_Dataset excerpt_
*** Begin section ***

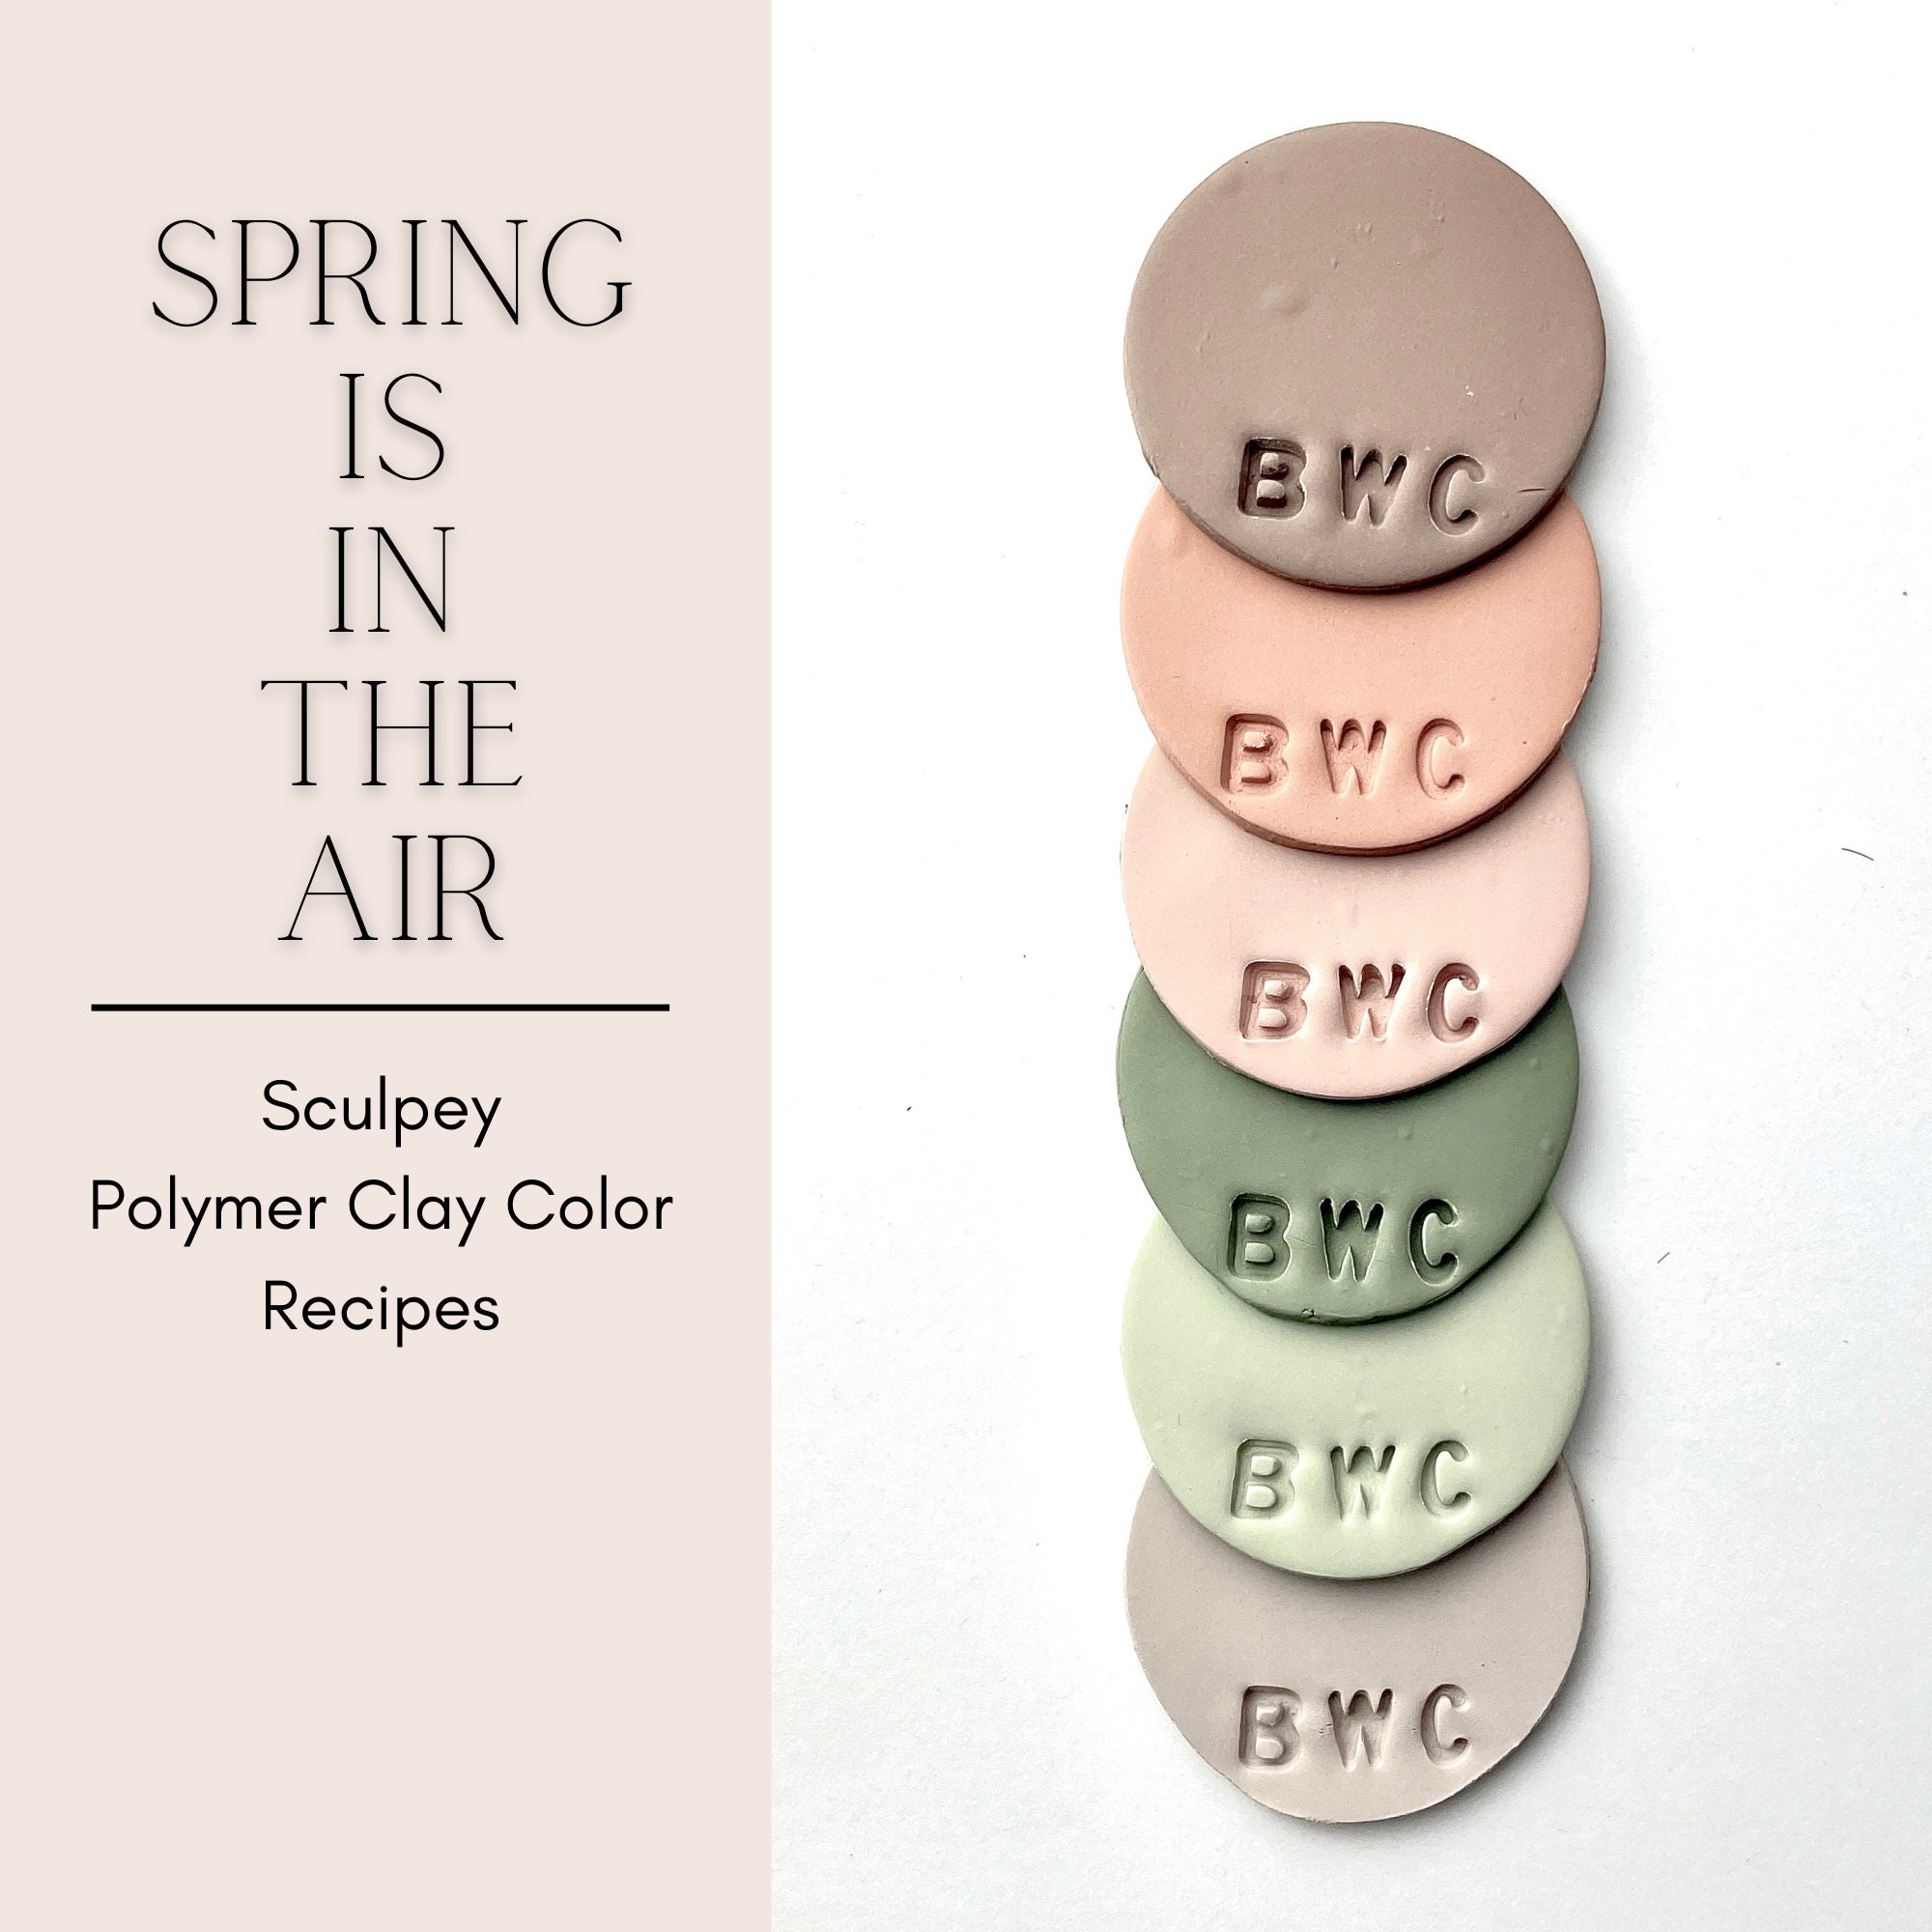 Citrus Sorbets, Sculpey Premo, Polymer Clay Color Recipes, Spring Summer  Palette, Bright Pastel Tones, Clay Mixing Tutorial 
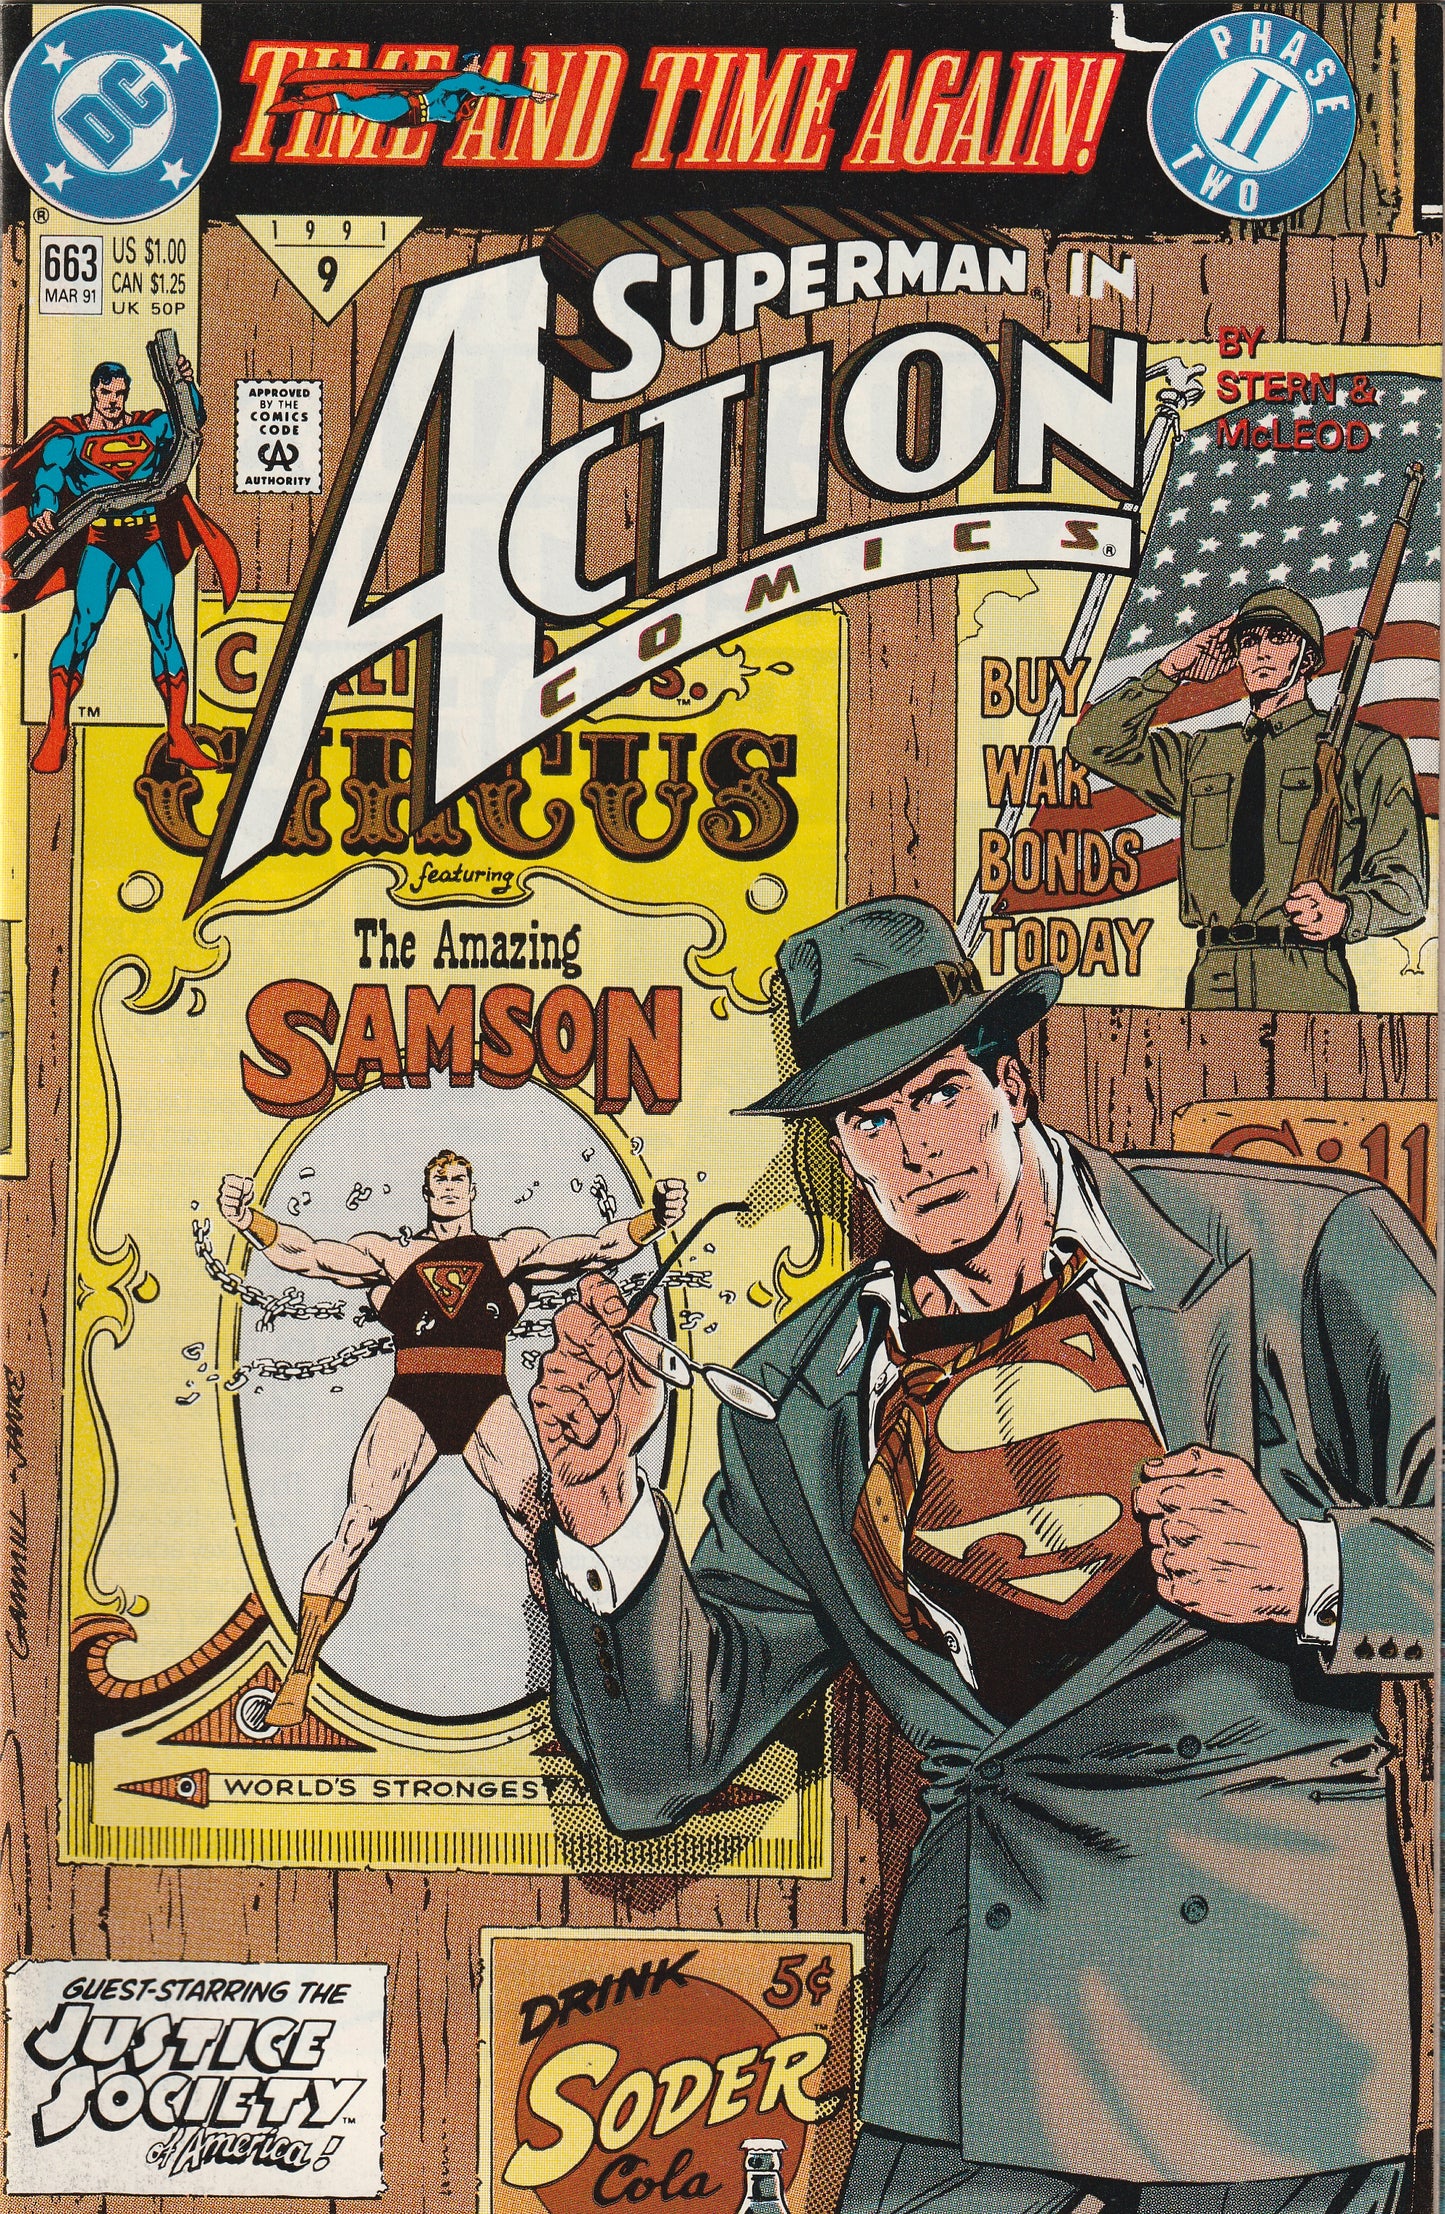 Action Comics #663 (1991)
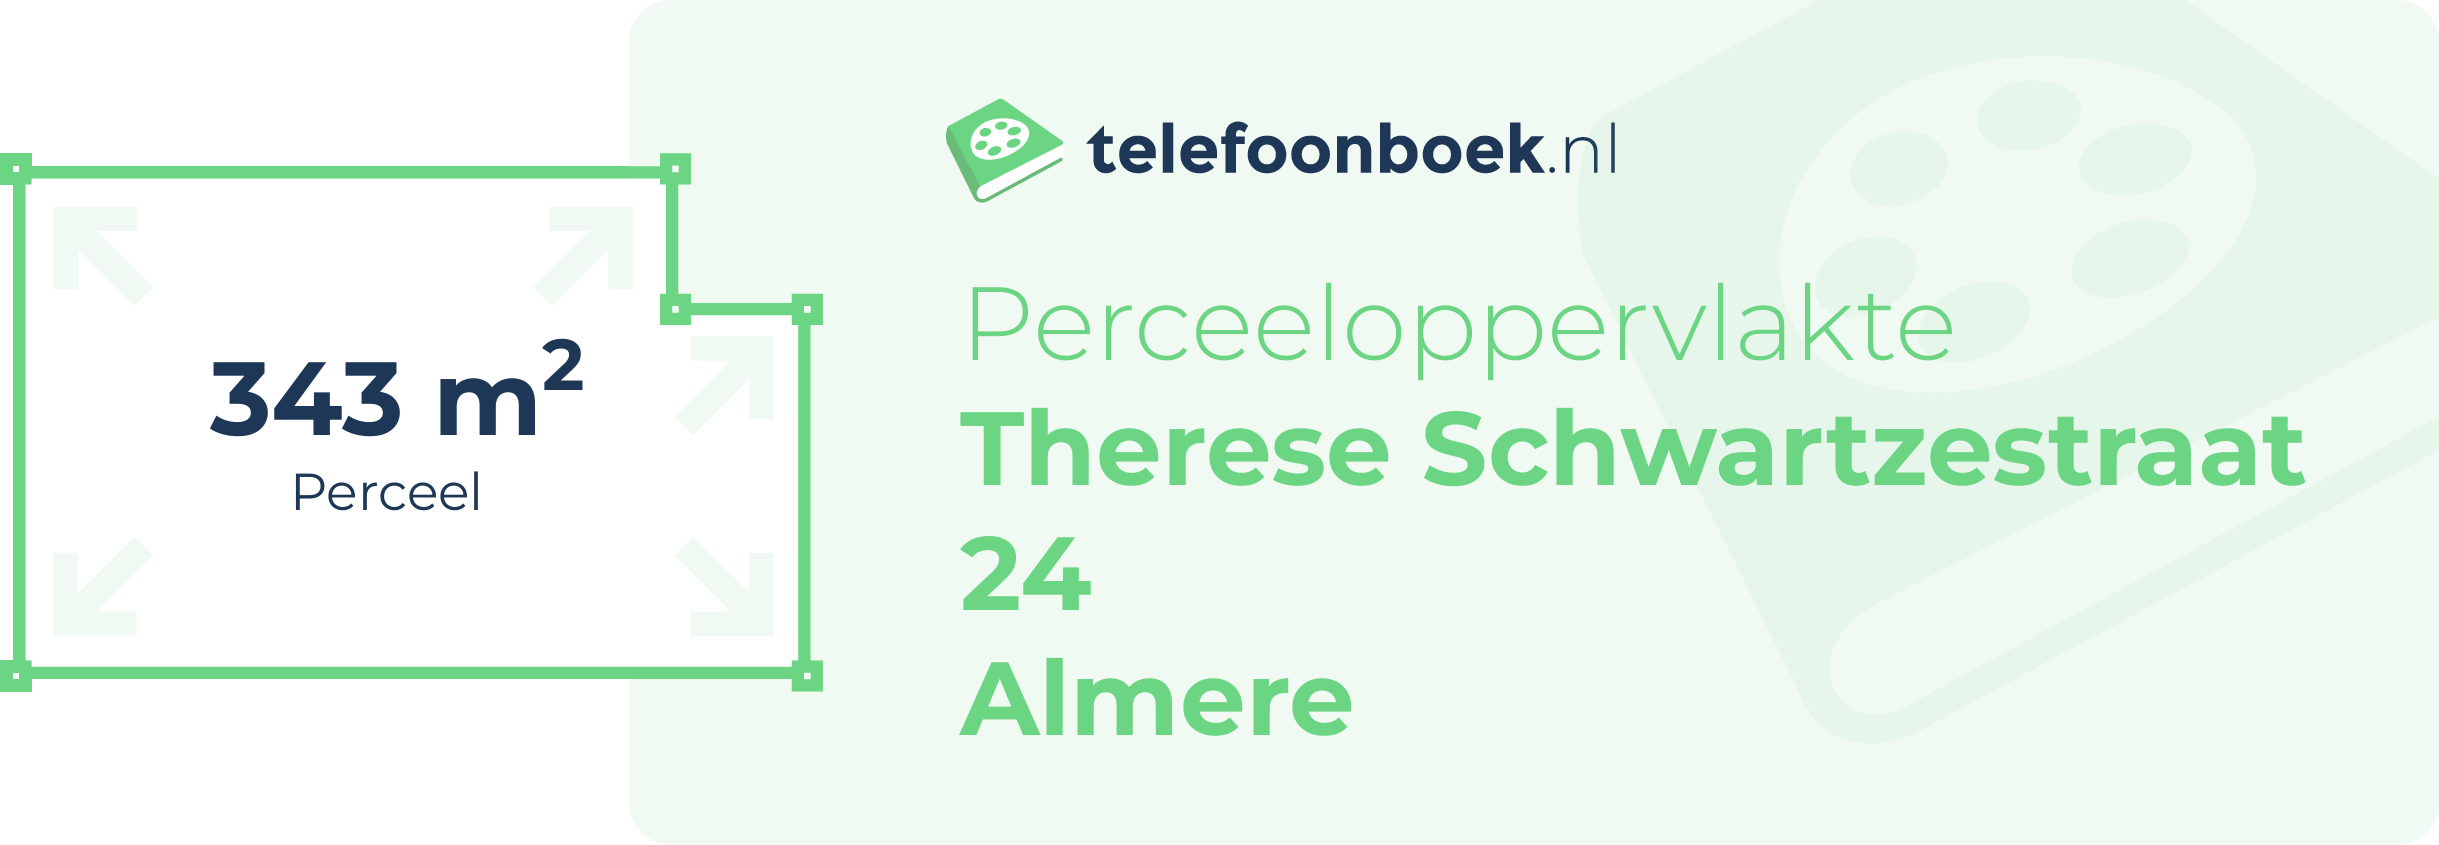 Perceeloppervlakte Therese Schwartzestraat 24 Almere

*** End section ***

_Activity_
From the material above, output every line exactly as written, dropping any picture.

_The answer_
 Citrus Sorbets, Sculpey Premo, Polymer Clay Color Recipes, Spring Summer  Palette, Bright Pastel Tones, Clay Mixing Tutorial 
 Action Comics #663 (1991)
 Perceeloppervlakte Therese Schwartzestraat 24 Almere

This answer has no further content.